The sense (5'-ACAATCACTCCTTAAATATGGTGG-3') and antisense primers (5' -AAGTAGGGACAGACAGGACCAGTA-3') were respectively used for the PPARα 7G/C polymorphism. Amplification occurred according to the method proposed by Pishva et al. [36]. The PCR product was digested using the Taqα I enzyme (New England 316 Biolabs, Ipswich, MA, USA) and taken to incubation at 65 °C for 3 hours. Next, they were evaluated by electrophoresis on 15% polyacrylamide gel and staining with 0.5% silver nitrate.

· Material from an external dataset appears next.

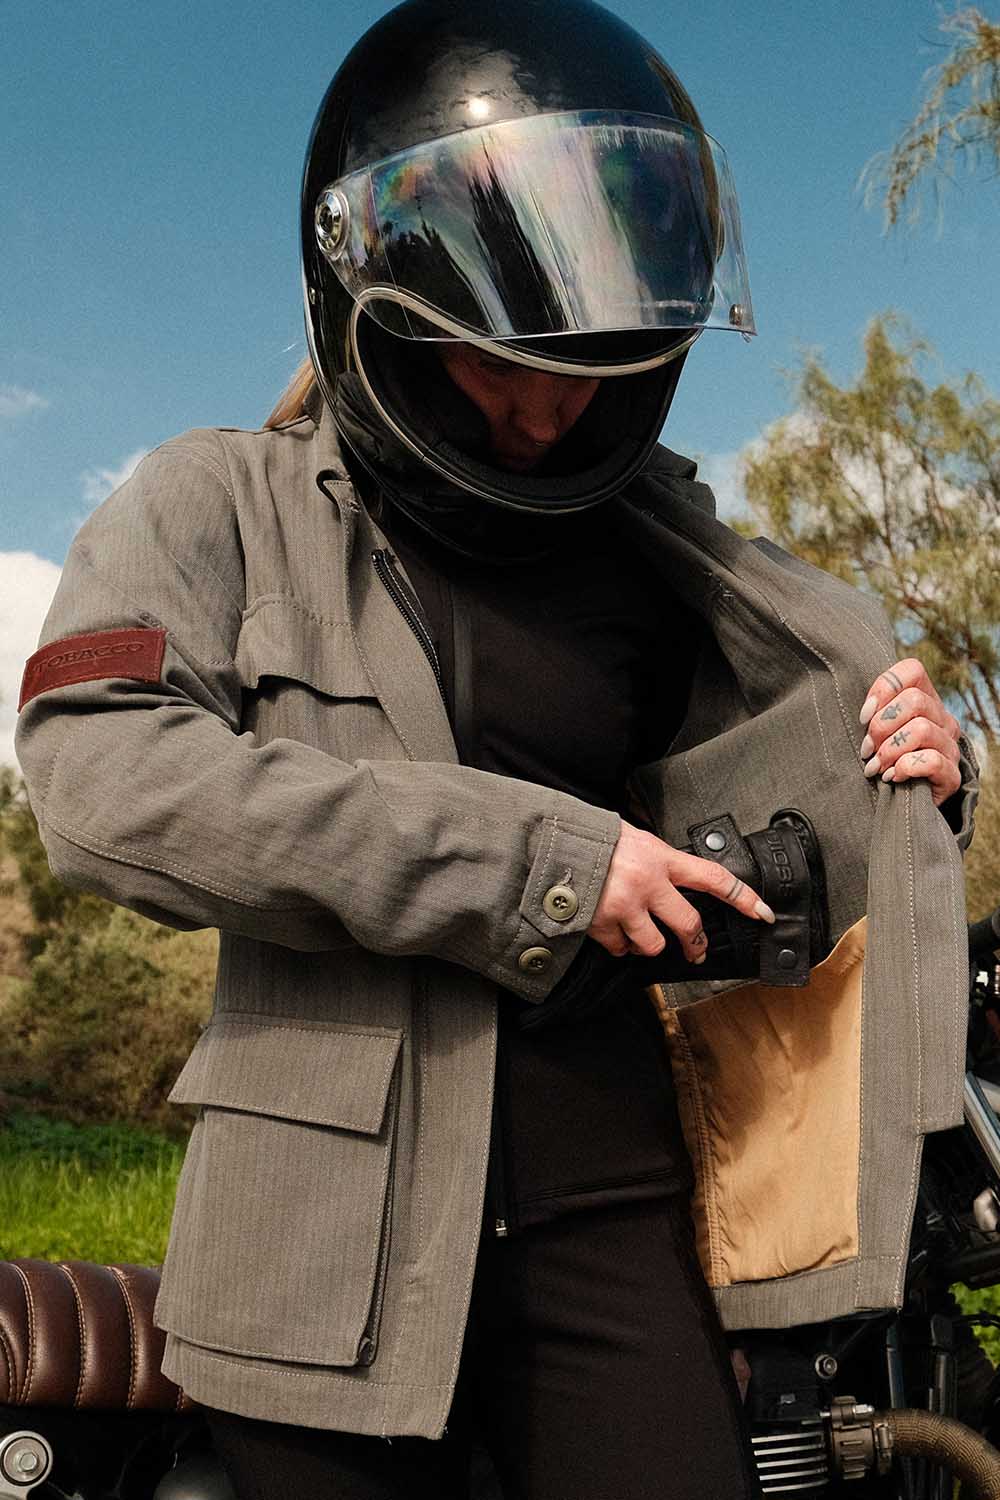 Tobacco Motorwear Shirts Women’s Motorcycle Protective Jacket - Kevlar Lined, Removable D3O Impact Armor Pockets, Medium

2.10. Redox balance, plasma nitrite and damage muscle
The oxidative activity was evaluated by lipid peroxidation that could be quantified by the metabolic product of malondialdehyde (MDA) through a thiobarbituric acid reaction in plasma [37]. The antioxidant activity was determined through total antioxidant capacity (TAC). It was quantified in plasma via the free radical scavenging activity of 2,2-diphenyl-1-picrylhydrazyl [23]. Plasma nitrite concentrations were determined by the Griess reaction that quantifies the nitrite in the sample through the diazotization reaction, forming a pinkish chromophore [38]. Muscle damage was measured by Creatine kinase (CK) using the catalytic activity method. Lactate dehydrogenase (LDH) concentrations were measured using the pyruvate-lactate method via specific commercial kits (Labtest, Minas Gerais, Brazil). The absorbances were obtained in Labmax 240 premium automatic analyzer (Labtest, Minas Gerais, Brazil) at a wavelength of 340nm.

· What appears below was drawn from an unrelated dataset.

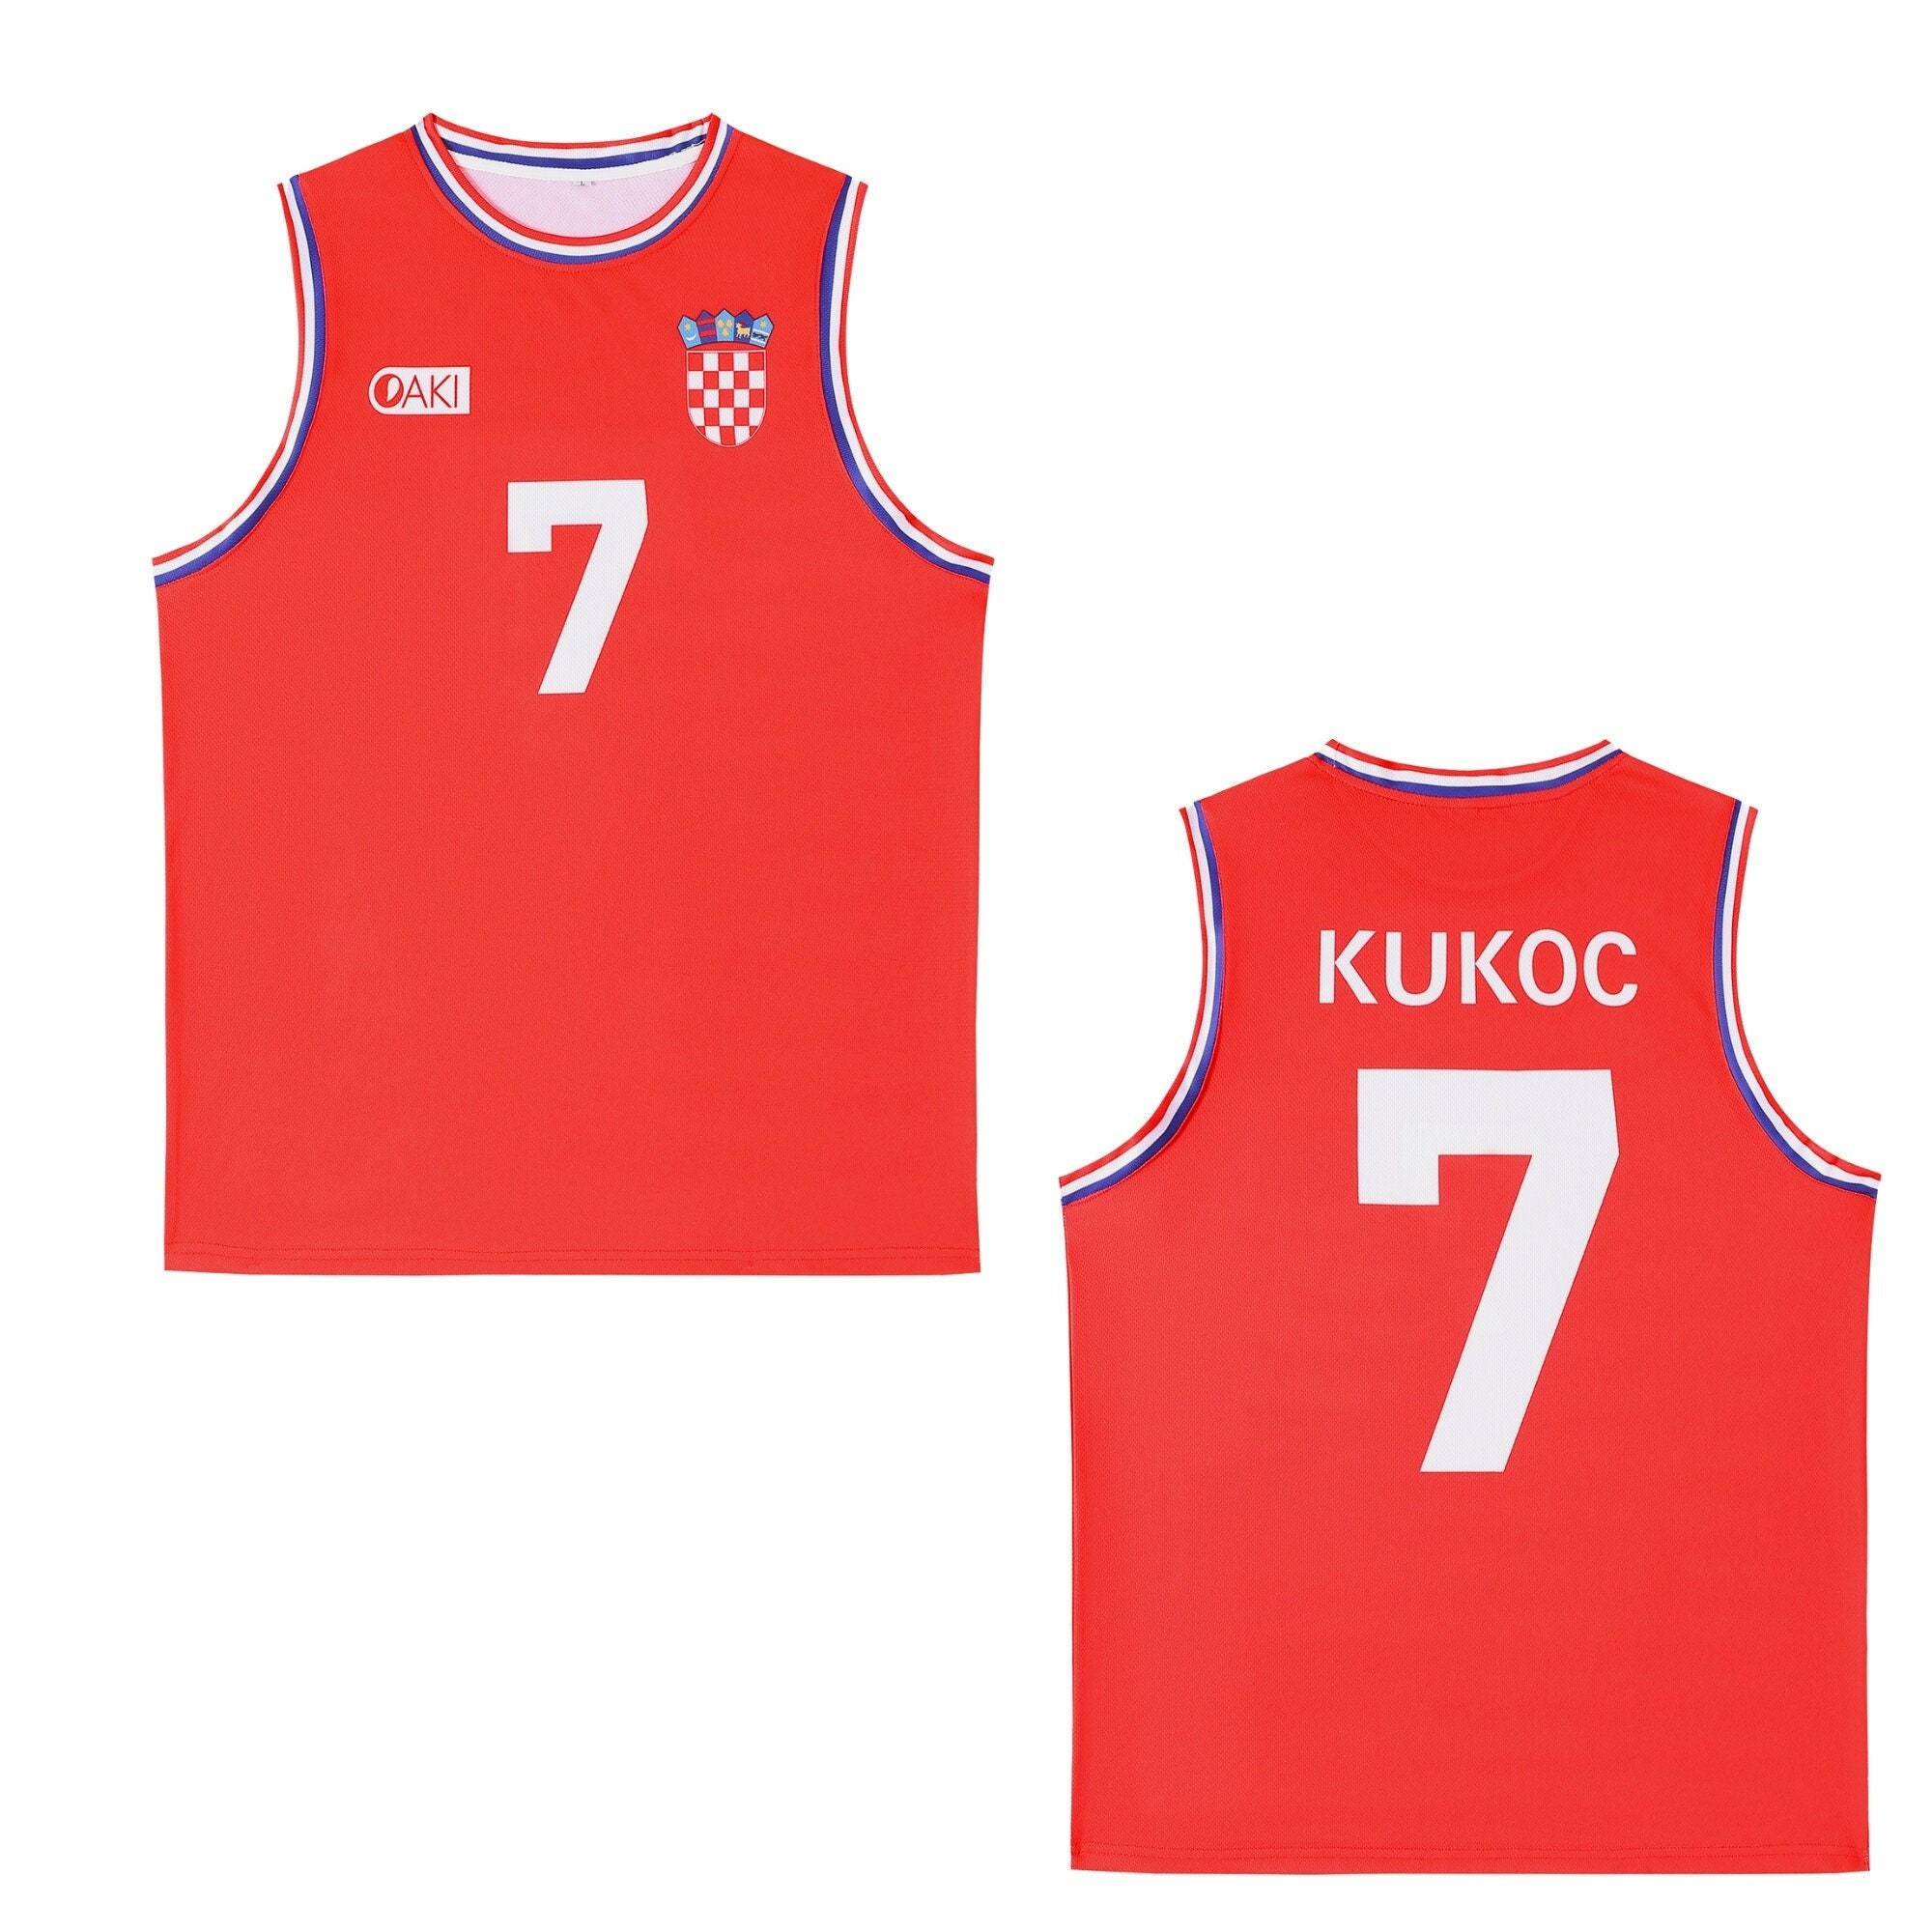 Toni Kukoc HOF 21 Signed Autographed White Custom Basketball Jersey

2.11. Statistical analysis
Data were presented as mean ± standard deviation (SD). Normality and homogeneity of data were assessed using the Shapiro-Wilk and Levene tests, respectively. Data that did not show a normal distribution were ranked according to Templeton [39] for normalization. Analyzes were performed by being subdivided according to the genotype considering the presence or absence of the allele with the polymorphism characteristic. Athletes were divided based on the presence of the G allele (GG+CG genotypes) or CC genotype for the SOD3 Ag213Gly polymorphism; while subjects were categorized according to the presence of the C allele (CC+GC genotypes) or GG genotype for the PPARα 7G/C polymorphism. An independent t-test was used in order to compare the results of pre-experimental conditions (nutritional intake, sleep, mood, general stress, physical recovery and plasma biomarkers) and differences between absolute deltas in time-to-exhaustion. The results for biomarker levels were analyzed using two-way ANOVA for multiple comparisons with Bonferroni's post-hoc test. The effect size was calculated using the Cohen’s d test for independent samples using the GPower Statistics 3.1 program and then classified according to Cook, Cook and Therrin [40] into small (d = 0.00 - 0.40), medium (d = 0.50 - 0.70), large (d = 0.80 - 1.00) or very large (d ≥1.30) effect sizes. This provided information on the power of the practical application of the intervention. Moreover, an individual analysis (simple subject analysis) was performed on the exhaustion time variable to demonstrate the variability of the athletes’ responses in running performance. P-values < 0.05 were considered statistically significant. SPSS was used for data treatment (v. 23, IBM SPSS, Chicago, IL, USA).
2.12. Ethical statement
The study was conducted entirely in accordance with the Declaration of Helsinki. Its protocol was approved by the Research Ethics Committee of the Center for Health Sciences, Federal University of Paraiba (protocol no. 2.196.523). The subjects signed an informed consent form according to Resolution 466/12 of the National Health Council (Brazil), and informed consent was also obtained from all of the subjects before the inclusion in the study.